If RSA 3072 is equal to 128 bit symmetric and 2048 is equal to 112 bit symmetric then 128-112= 16 and 2^16= 65,536. In that case wouldn't this make 3072 more future proof against quantum computers or does Shor's algorithm mean they will both be equally useless?
Also, how many bits of symmetric is RSA 4096 equal to?
If RSA 3072 is equal to 128 bit symmetric and 2048 is equal to 112 bit symmetric...
To be precise, a 2048 bit composite is estimated to take approximately $2^{112}$ operations using the Number Field Sieve algorithm; 3072 bit composites are estimated to take approximately $2^{128}$ operations using that same operation.
Since the Number Field Sieve (NFS) algorithm is the fastest factoring algorithm known on a classical computer for large general composites, this is taken as the work estimate
In that case wouldn't this make 3072 more future proof against quantum computers or does Shor's algorithm mean they will both be equally useless?
Once we bring Quantum Computers and Shor's algorithm into the mix, that opens up another algorithm that is potentially more efficient than NFS. And, for Shor's, 3072 bit integers isn't that much more difficult that 2048 bit ones.
Q: RSA 3072 is 65,536 more difficult to factor than 2048? If RSA 3072 is equal to 128 bit symmetric and 2048 is equal to 112 bit symmetric then 128-112= 16 and 2^16= 65,536.
Basically yes.
Q: In that case wouldn't this make 3072 more future proof against quantum computers or does Shor's algorithm mean they will both be equally useless?
The point of quantum computing is that the above calculation doesn't work anymore. It solves the problem in polynomial time. From Wikipedia:
On a quantum computer, to factor an integer $N$, Shor's algorithm runs in polynomial time (the time taken is polynomial in log $N$, which is the size of the input). Specifically it takes quantum gates of order $O((\log N)^2(\log \log N)(\log \log \log N))$ using fast multiplication ...
As you can see, larger $N$ will still slow down the attack, but not as much as classical attacks. Furthermore, higher values of $N$ also require additional Qbits. Currently the number of Qbits and noise are the main culprits of building larger quantum computers.
In short, you'd need more time and especially a more complex quantum computer to attack larger key sizes. The current quantum computers we know about only handle toy key sizes.
That said, the quantum computer would not have to grow exponentially, and if they are able to factor large keys then the big problems facing QC have probably been overcome. So choosing a larger key size will have limited value; hence the quest for practical quantum resistant algorithms by e.g. NIST.

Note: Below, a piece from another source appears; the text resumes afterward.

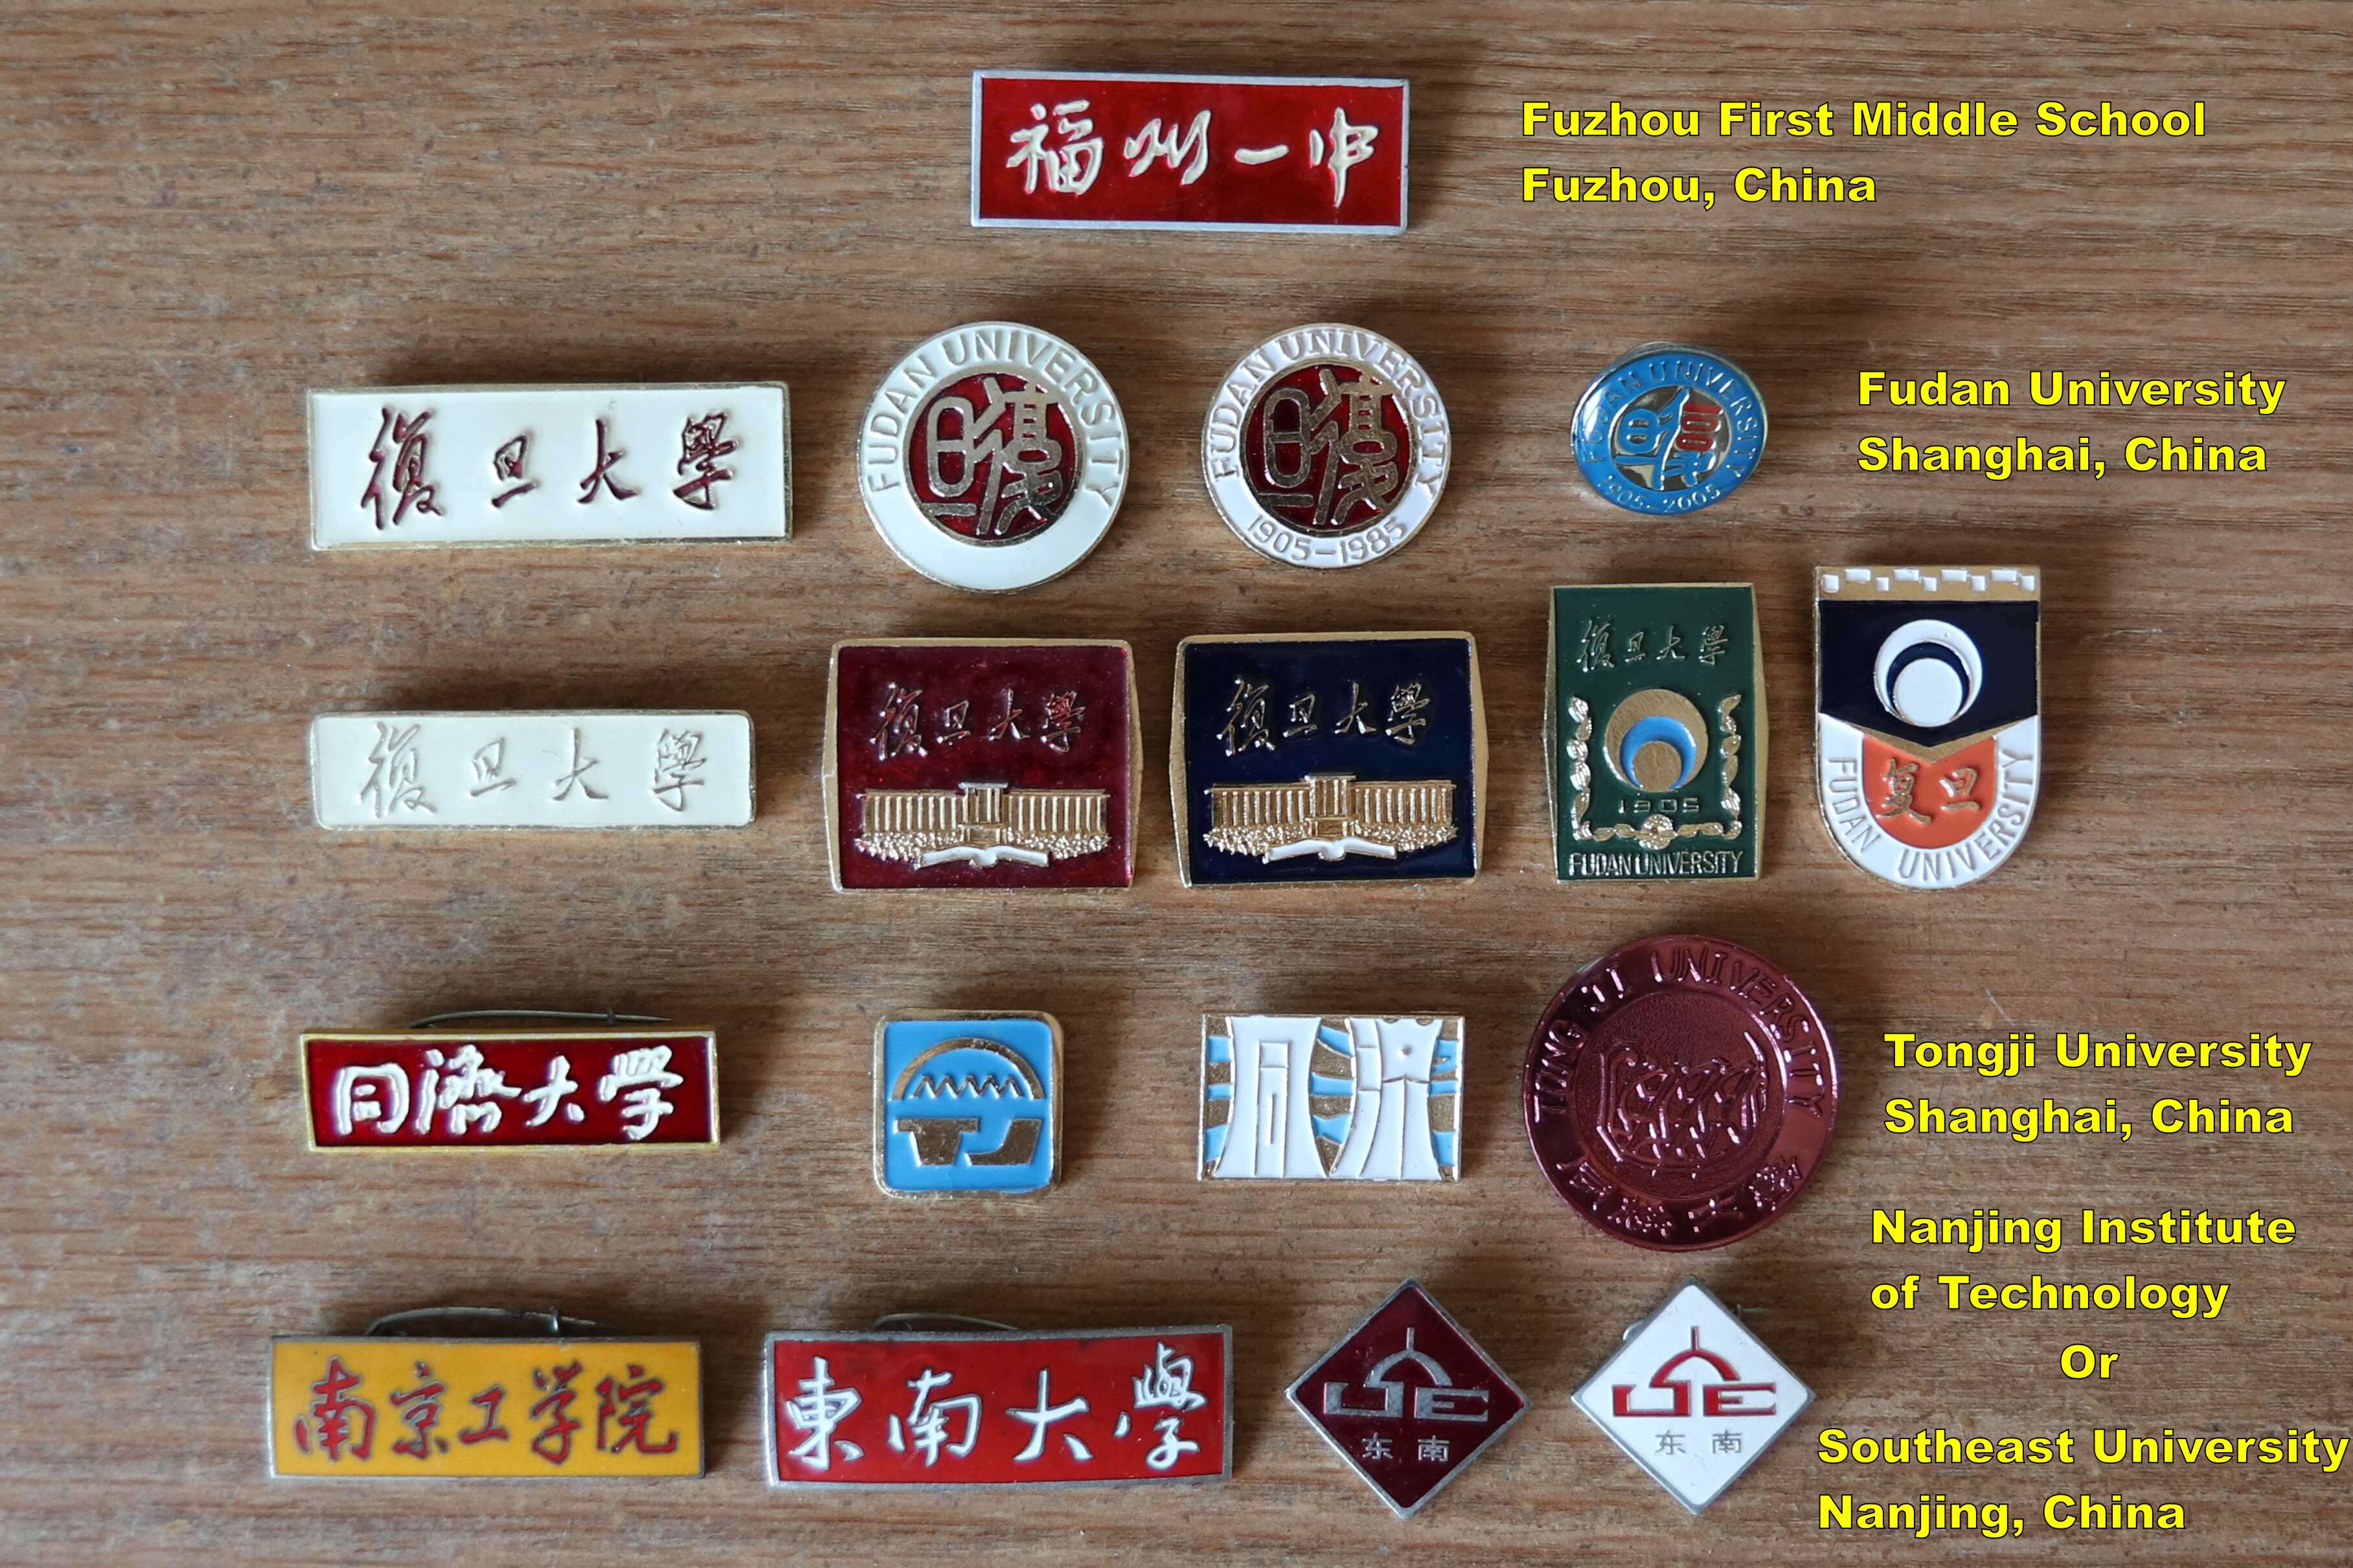  * Badges of Fuzhou First Middle School, Shanghai Fundan University, Shanghai Tongji University, and Nanjin Southeast University *

Q: Also, how many bits of symmetric is RSA 4096 equal to?
Well, the actual algorithm is rather complex, but here's the result from WolframAlpha using the input of this Q/A: about 156 bits (which is somewhat in-betweenish, so you won't find it in the pre-calculated tables).
Obviously, that's without taking QC into account. Note that symmetric primitives are much more resistant against GC attacks, so the above calculation will fail. I'll leave it as an exercise to calculate the equivalent symmetric key size using Shor's algorithm ;)